Why Do I Have to Learn This?

Sunlit empty classroom with open notebook on desk and morning notes

Let’s face it. Those of us who have elected to make a career teaching a particular subject, in my case History, did not make this decision because we believe our subject to be especially transformative. I did not get into teaching history for some abstract noble construct, “those who do not learn from the mistakes of history are bound to repeat them.” It’s not my belief that certain historical lessons are of intrinsic value in and of themselves and must be passed on for the sake of human progress. History wasn’t my way of understanding who I was by learning where I came from.

No. I decided to become a history teacher because history is just a wicked cool subject that I like talking about. I’m passionate about history and can think of no better life than to be able to spend my days studying and teaching history. I’m sure this is true for those who teach science, or literature, or woodshop. Learning about this stuff is just freakin’ awesome!

Here’s the problem with this simple truth. Almost nobody agrees with me about how fun history is. In any given class I may have one, if I’m lucky two, students who see history as a fun subject. There may be five to ten who think history is okay. The rest do not understand why we have to study a bunch of dead folks and events that took place thousands of years ago. A teacher can pour their heart and soul into the class, especially those lessons that she is especially passionate about, and might be convincing to one or two students. The rest…not so much

There is nothing more disheartening than to present a lesson on your favorite topic within your favorite subject, a story that you find inspiring and soul-lifting, only to be met by a couple dozen blank stares.

You’re thinking, “Come on! This stuff is awesome!”

But the dead eyes looking back at you say otherwise.

I remember one parent conference with the teaching team for a student who was all of his classes. When it came my turn to report on how this student was doing in my class (badly) his father stopped me mid-sentence and said, “With all due respect, Mr. Andoscia, we really don’t see how learning about the Roman Empire is relevant.” I was dumbfounded. Before I could say, “well…then bye!” my principal interjected and explained that World History was a required class that the student needed to pass regardless of how they felt about it.1

I thought that was a rather tepid incentive.

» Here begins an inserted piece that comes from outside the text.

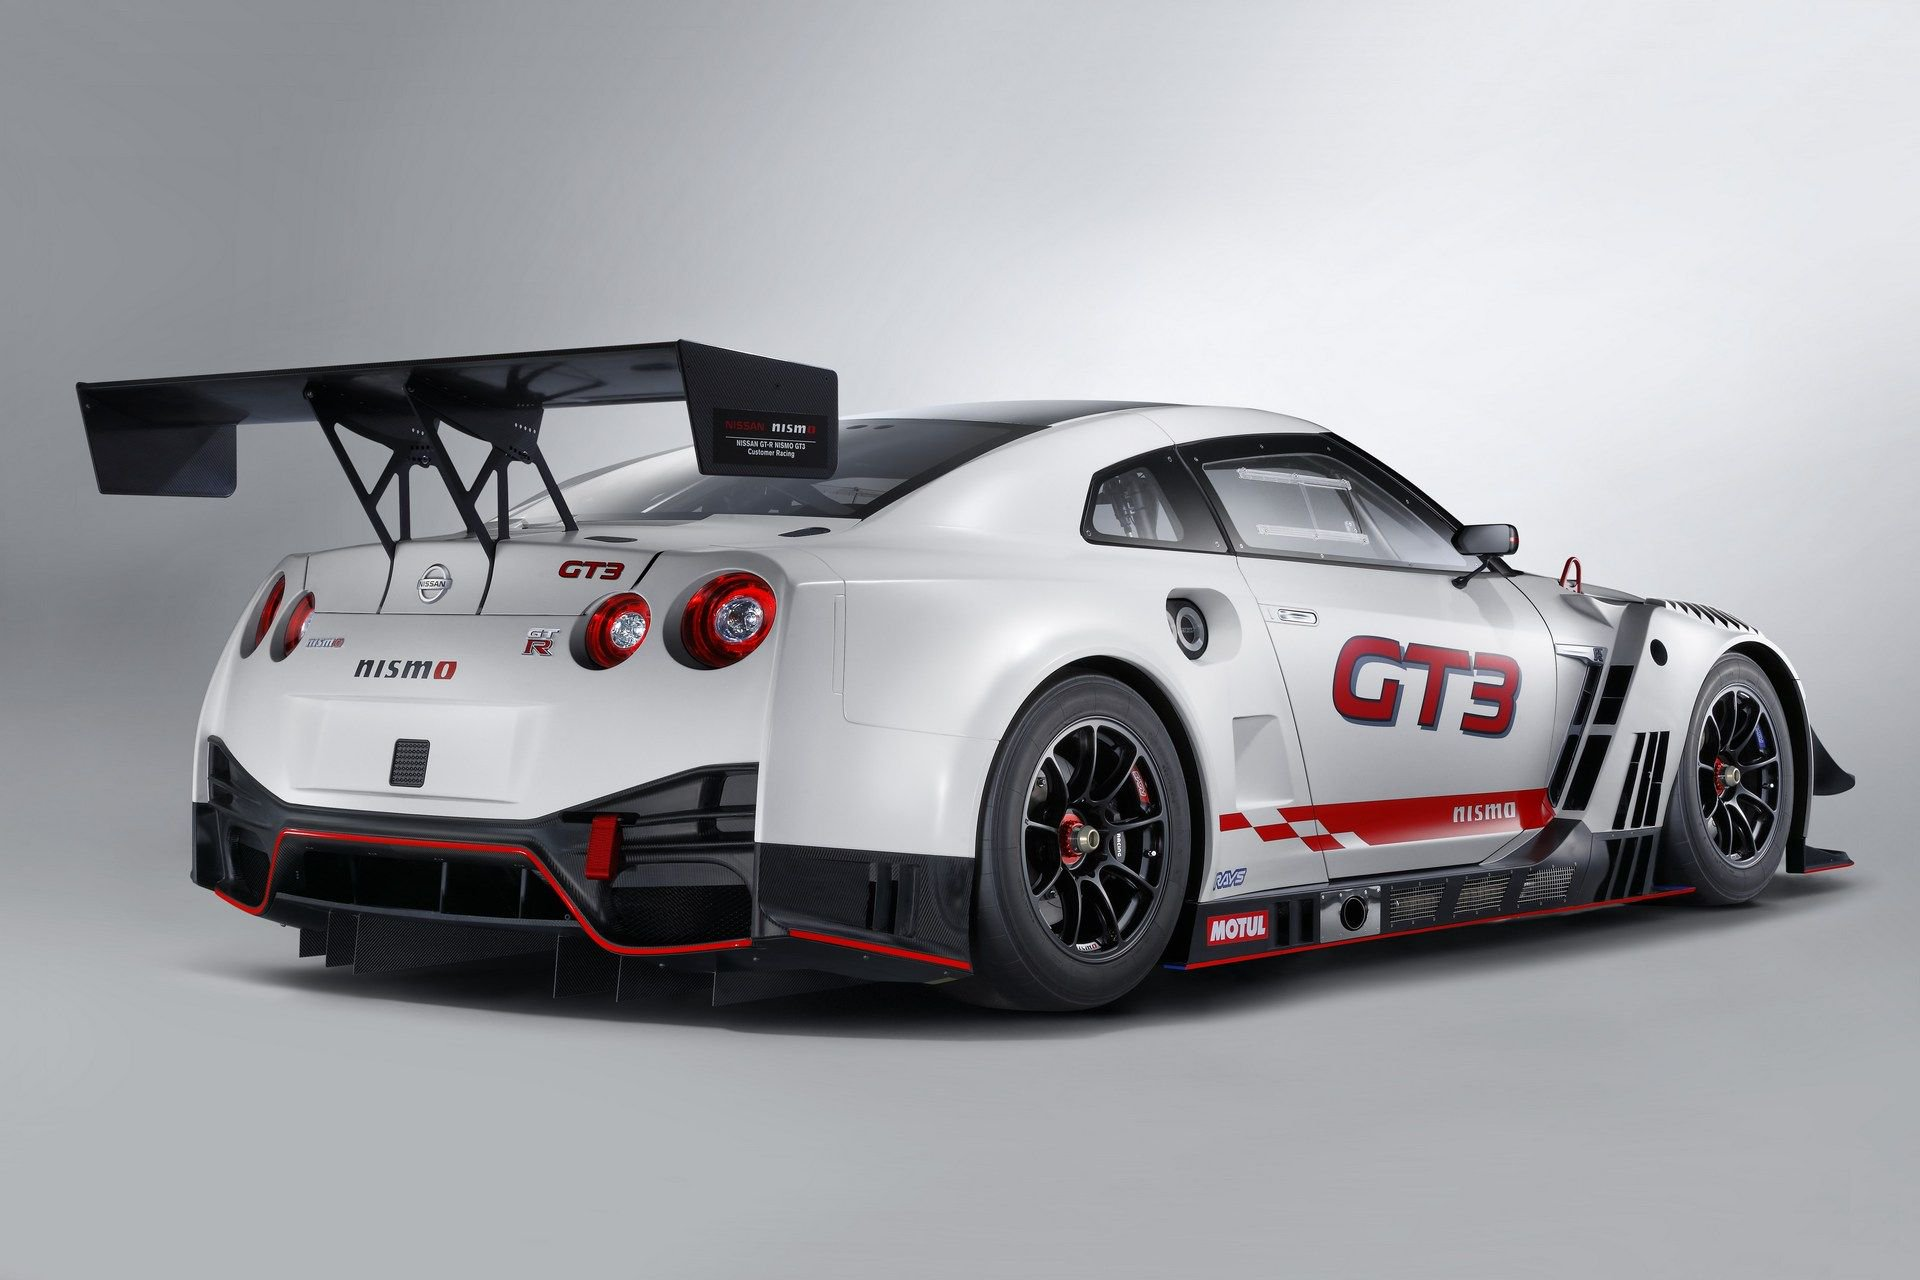 Nissan-GT-R-NISMO-GT3-6 (1)

Yet, oftentimes this is the response we end up with. You need to pass this class. To pass the class you need to learn this stuff. It doesn’t matter if you like the stuff or not.

Thirty years of teaching and I have never seen this approach work any better than the cliches elaborated in the first paragraph.

Oh, there are some strategies to help make the material “relevant.” You can tie the lesson to something going on in current events, or the students’ lives. You can show where this material is referenced in popular music, movies, or TV shows.2 You can “gamify!”

None of that works either.

It pained me, but over the years I had to accept the horrible truth that most people just don’t like history and they are not going to like history no matter what I do. As cool as I thought the story of the Fall of the Roman Republic was, and as powerful as I believed the intrinsic moral and political lessons of that moment were, the vast majority of my students were not going to embrace my passion.

This is likely true for all subjects. You’re inspired by the First Law of Thermodynamics, or the magic of the quantum world, or Romantic Poetry, or Transcendental Philosophy. Great! You might actually get a couple of your students to agree with you.

Then the practical kid in the middle of the class raises her hand and asks, “Is this going to be on the test?” and it feels like your soul has been ripped from your body, curb-stomped, and then crammed back in sideways.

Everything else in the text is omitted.